The apostles gathered around Jesus, and told him all that
they had done and taught. He said to them, ‘Come away to a
deserted place all by yourselves and rest a while.’ For many were coming and
going, and they had no leisure even to eat. And they went away in
the boat to a deserted place by themselves. Now many saw them going
and recognized them, and they hurried there on foot from all the towns and
arrived ahead of them. As he went ashore, he saw a great
crowd; and he had compassion for them, because they were like sheep without a
shepherd; and he began to teach them many things …
When they had crossed over,
they came to land at Gennesaret and moored the boat. When they got out of
the boat, people at once recognized him, and rushed about that whole region
and began to bring the sick on mats to wherever they heard he was. And
wherever he went, into villages or cities or farms, they laid the sick in the
market-places, and begged him that they might touch even the fringe of his
cloak; and all who touched it were healed.
So let us dwell with just one passing moment in this slaughtered gospel passage. In fact, one passing word. As you may have noted from my notes in the pew sheet, it is usually translated “had compassion on,” but that’s a terribly sanitized, anglicanised translation of the Greek. Years ago, when I was a priest in Whanganui, I indicated that the Greek was less sanitary: that it meant “moved to the bowels.” A furious woman informed my that such a word as “bowels” was not to be used in church.

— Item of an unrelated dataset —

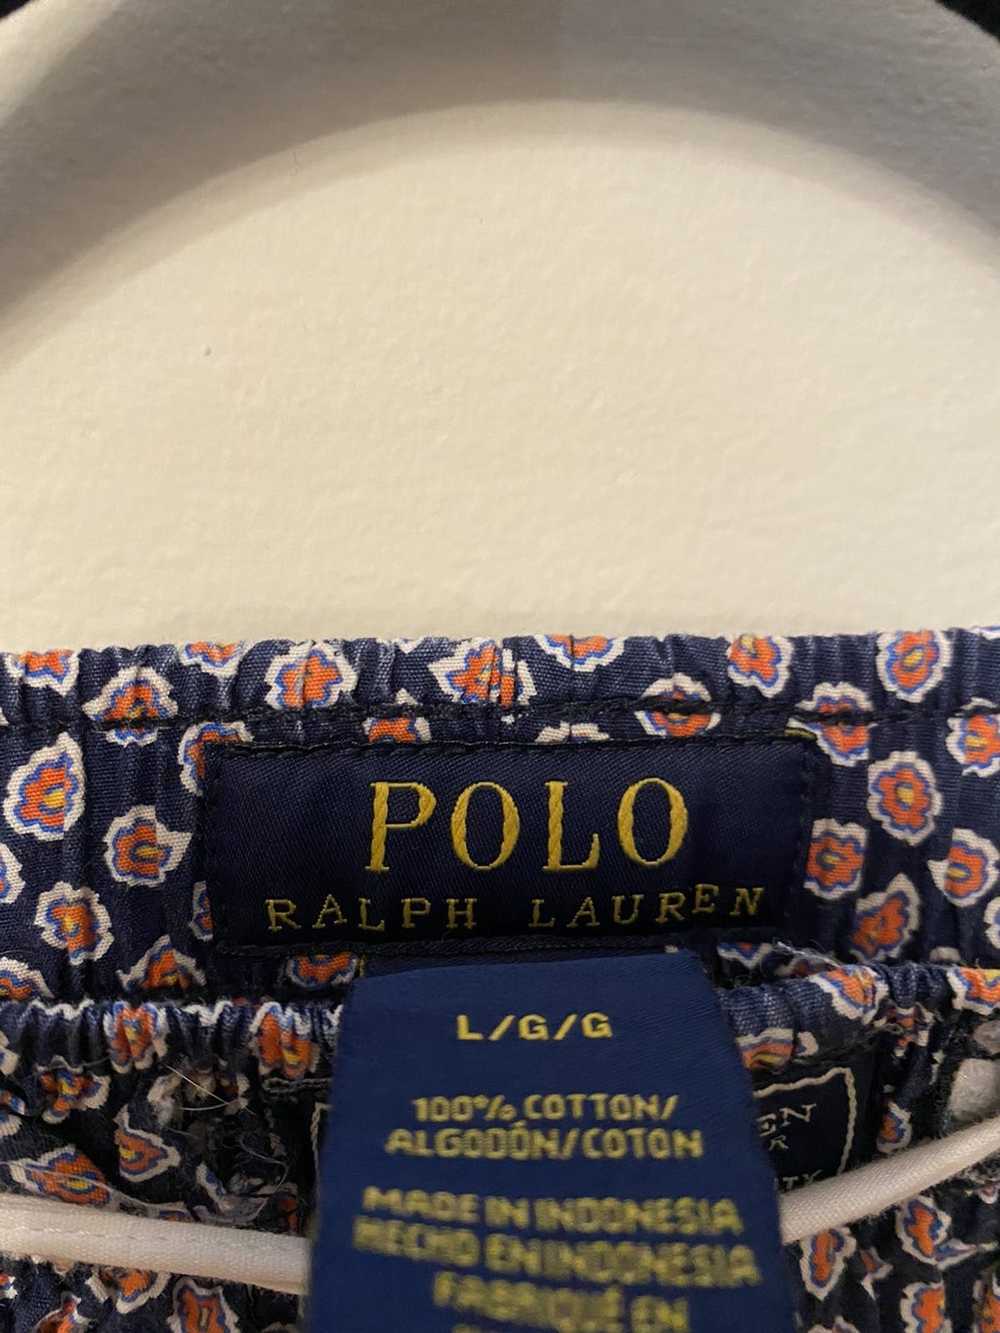 Polo Ralph Lauren Ralph Lauren Paisley Pants - image 3

I wondered sadly how sanitised and judgemental we had become when we felt that we knew better than the gospel writers how to speak of the experiences of Jesus.
The life of Jesus reveals to us the heart of God – all that we
need to know of God. When Jesus saw the aimlessness of his society he was,
quite simply, moved to the bowels. As I have said in my notes, he felt as we
might when we see a child run out in front of a bus. Worse, he felt as we might
if we overdosed on prune juice: we are not talking about nice and polite
disturbances, here.
But we are talking about the response of Jesus, the response of
God, to a crowd, a community, a society, a race, a species that is lost, as sheep
without a shepherd. Jesus’ listeners knew well that sheep without shepherds were
in his rural world in mortal danger. Like a bus bearing down on a child, like a
wolf stalking out its lunch.
When I lived in outback Queensland the farmers who were battling
on with merino wool production (against all odds) were facing the relentless
problem of wild dogs – some would say dingoes – stalking their flocks. In a
parable in itself, many farmers turned to dogs like Maremmas; dogs that, well,
doggedly defend the flock on 60,000 acre farms where farmers had no hope of
covering all those bases where predators lurked.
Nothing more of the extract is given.